Wednesday, April 29, 2009
Ten year note rates surged to close above the 3% level yesterday spurred on by improving consumer confidence and housing data. Rates may continue to rise following today's report on 1st quarter Gross Domestic Product (GDP). Analysts predict that the economy might have shrunk 4.7% last quarter. An improvement over the previous quarter's -6% decline.
Markets have been reacting positively to recent economic data releases even though the numbers are still very negative. For example, yesterday's Case-Shiller report on real estate prices showed a year over year drop of 18.6% based on February figures. Business news analysts claimed that investors were encouraged that the rate of decline may be slowing. January's figure showed a 19% year over year decline based on a ten-city index.

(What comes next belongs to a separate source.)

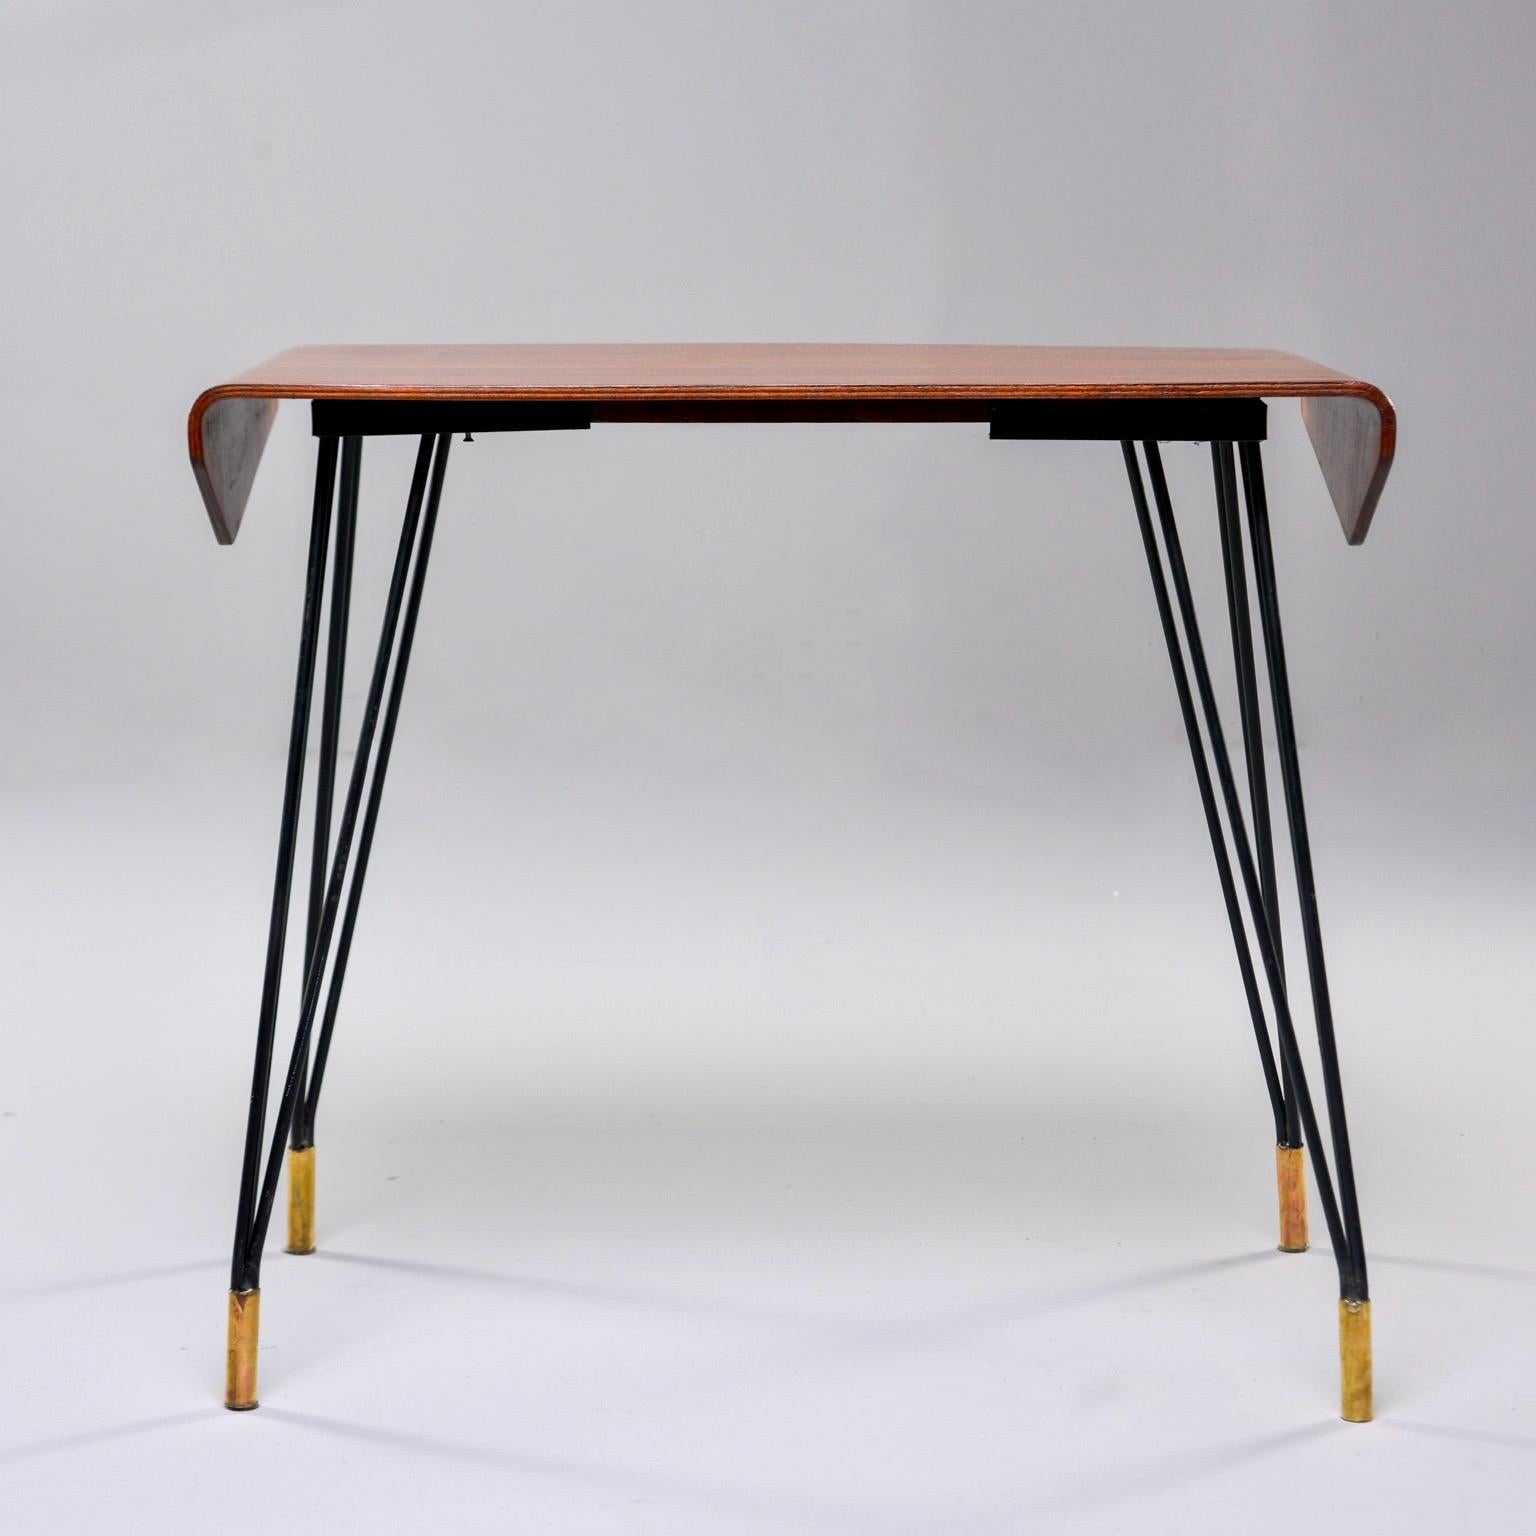 20th Century Italian Midcentury Bent Wood Table with Iron Legs and Brass Feet

The government's debt auctions continue to go well. Despite the massive amounts of debt the US is incurring, Treasury Bill, Note and Bond auctions continue to be over-subscribed. The dollar has remained strong in world currency markets.
With all of the cross currents in the news, trying to make decisions on future rate moves based on fundamentals proves to be difficult. On one hand, the economy still appears to be very weak. The potential damage that the Mexican flu can cause to the world economy weighs in favor of lower rates. However, the ever increasing US government debt levels should add to higher rates.
Technical analysis however indicates that pressures are building to push rates higher. Rates have been continually falling for years though. The recent monthly test of the lows may prove to indicate that this exceptionally long termed move may have finally come to an end.
Don't ever lose sight of the market truism, "Markets can remain irrational much longer than investors can remain solvent."